The Co-op has poured fuel on the grocery price-cutting fire

Britain's biggest convenience store chain is 'investing' £125m in lower prices.

by Jack Torrance
Last Updated: 16 Jul 2015

Britain's dalliance with deflation may have been short-lived but it seems there's still life in the grocery price war. The Co-operative, Britain's fifth-largest food retailer and the biggest chain of convenience stores, said today that it will 'invest' £125m in cutting the price of fresh fruit veg.

The company says the price of 'some' fresh produce will be halved and that it's introducing a new revolving promotion, 'the fresh three', which will offer various packs of greens for the ludicrously low price of 39p each - starting with inceberg lettuce, carrots and cucumber. 

'Food retailing remains highly competitive and we have responded to provide customers with great prices and fresh, quality produce at each of our stores,' said Steve Murrells, the Co-operative Group's retail chief executive. 'This makes our price investment the biggest by a convenience retailer, providing consumers across the length and breadth of the UK with lower priced produce and helping them to keep shopping in their neighbourhood.'

Of course, you can't really 'invest' in low prices – it's a particularly annoying piece of jargon used by most of the big grocers, seemingly designed to convince shareholders that a race to the bottom is a good thing. But amid intense competition from discount supermarkets, it might seem like a necessary short-term step to maintain market share. According to Kantar Worldpanel, The Co-op's share of the grocery market has slipped from 6.8% in 2012 to 6% last month. Last week Moody's warned that Tesco, Sainsbury's and Morrisons couldn't afford to keep cutting much longer, but it seems the Co-op sees things differently.

Though it's certainly lost ground, the Co-op does have an edge on other grocers - its focus on convenience stores. 'Consumers are shopping differently, buying little, more frequently and, increasingly swapping the weekly shop for purchasing what they need, when they need it,' Murrells said.

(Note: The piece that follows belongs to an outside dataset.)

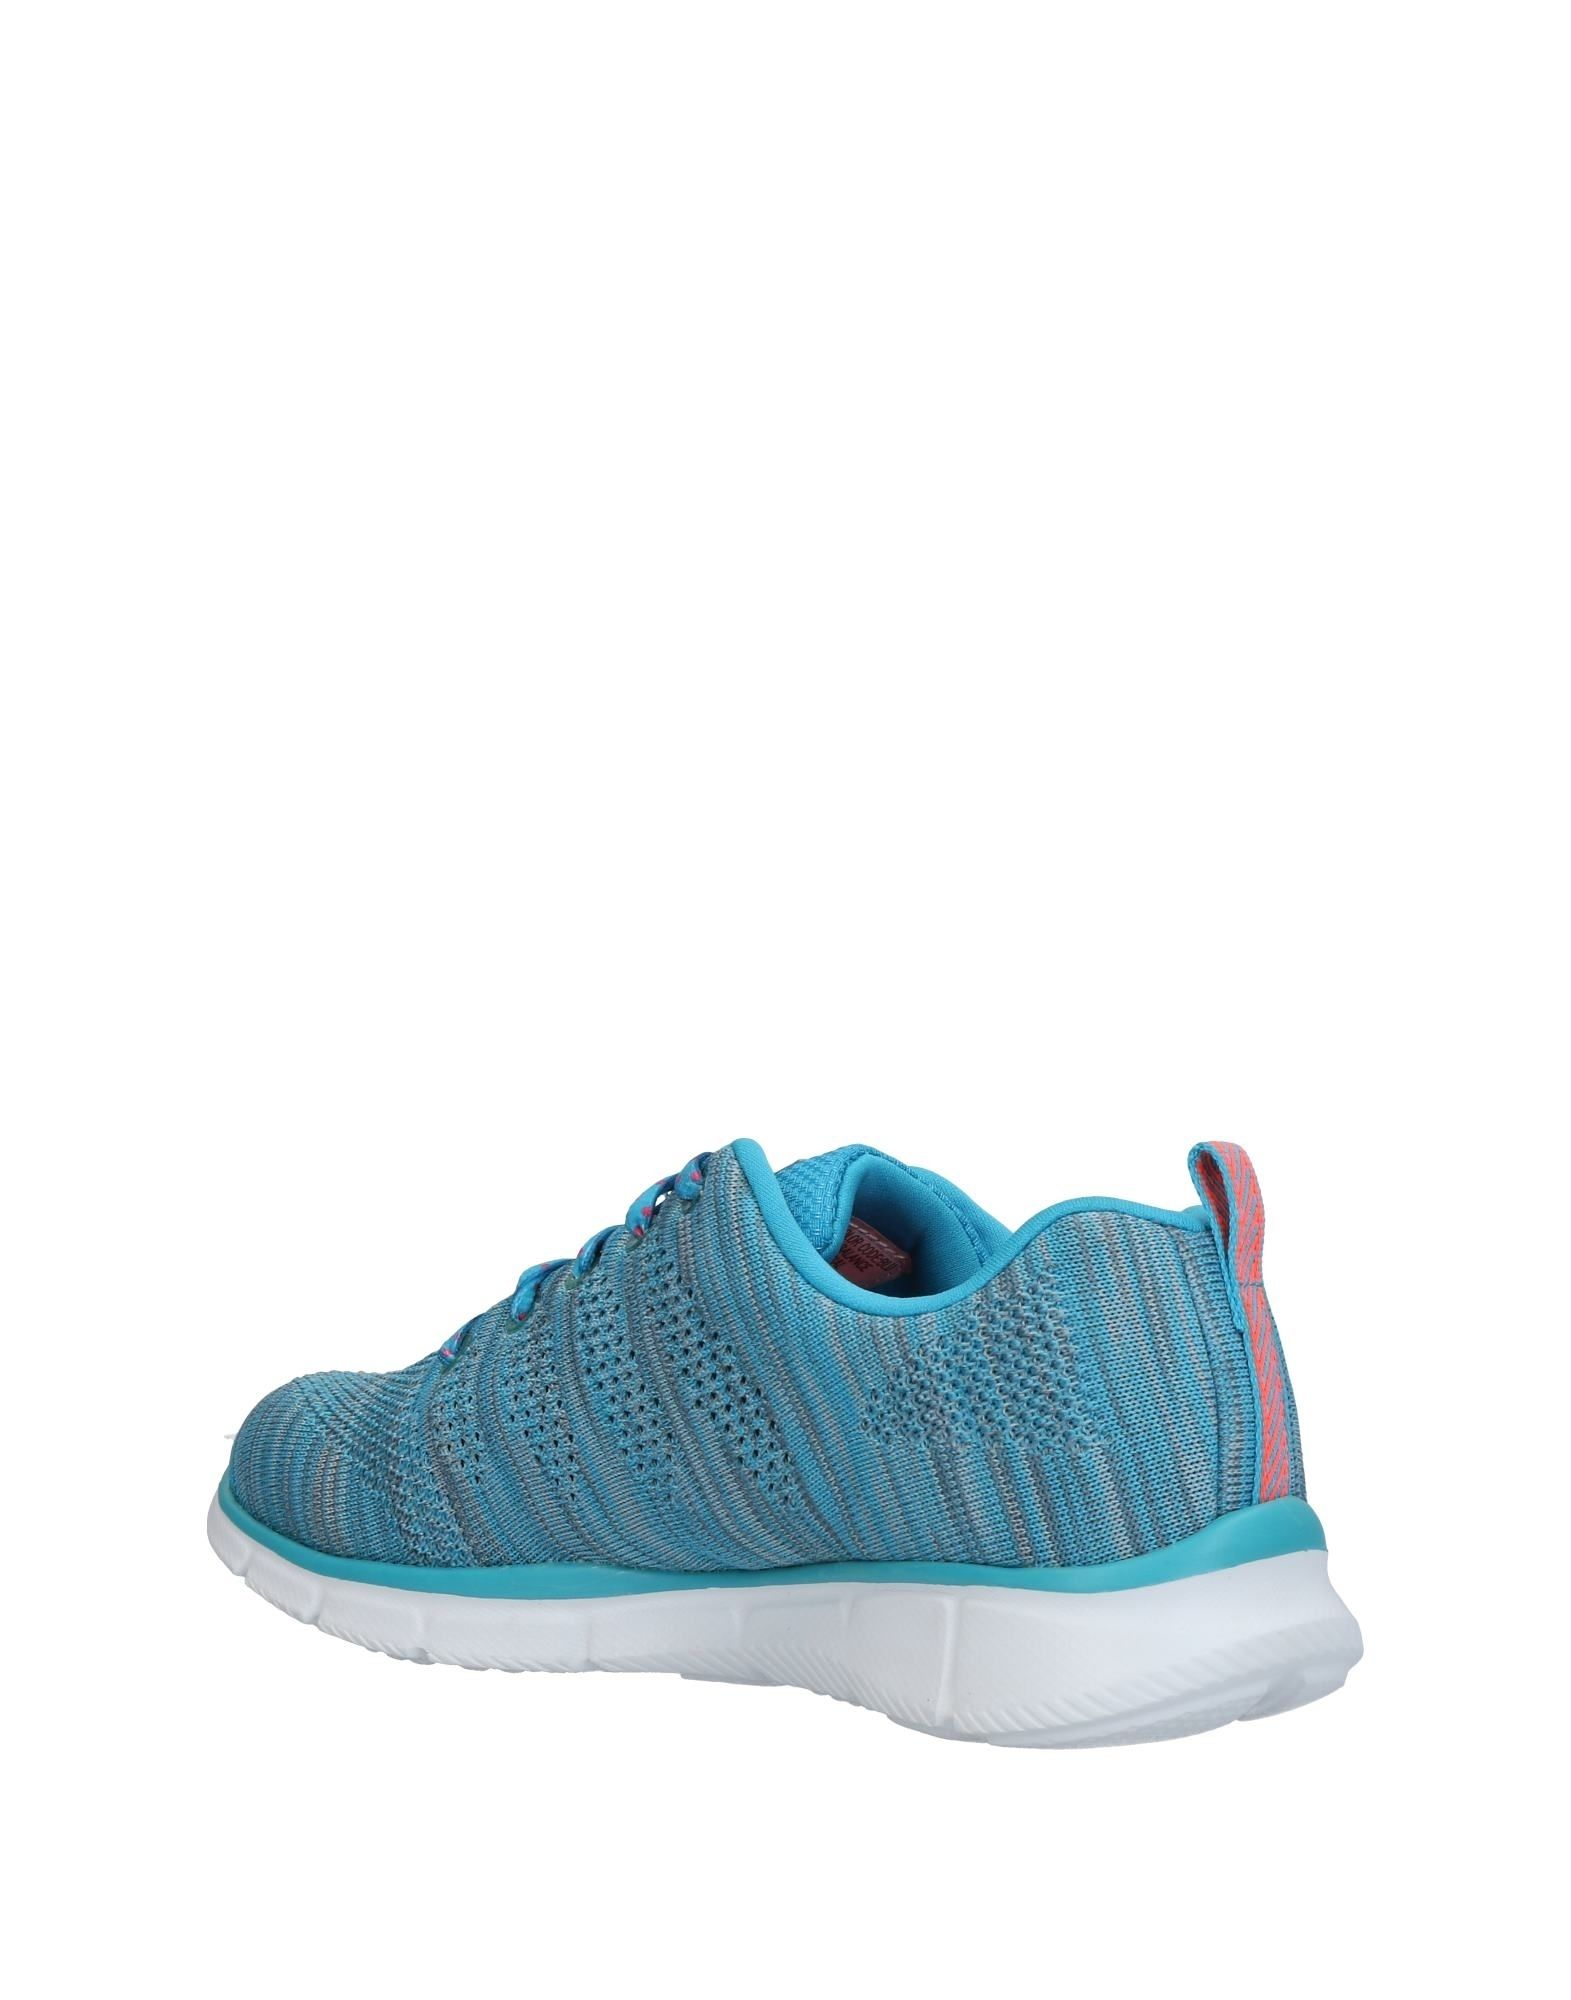 Skechers Sneakers Damen  11464745UX Gute Qualität beliebte beliebte Qualität Schuhe 1fc4cc

While Tesco and Sainsbury's have found their out-of-town behemoths to be increasingly empty, hungry customers have been hitting the high street in their droves, leaving the big supermarkets in a rush to open smaller shops. The Co-op's well ahead of them. On the other hand, it's failed to reap the rewards of online sales that its competitors have, so things aren't all hunky-dory.

While it might seem like consumers have never had it so good, there are serious downsides to the bitterly fought price war. Retailers risk permanently destroying their own margins in a futile bid to maintain market share, while suppliers further down the supply chain get squeezed for all they're worth. For now though it seems grocers feel the main attraction for shoppers is low prices - and looking at Aldi and Lidl's explosive growth it seems hard to blame them.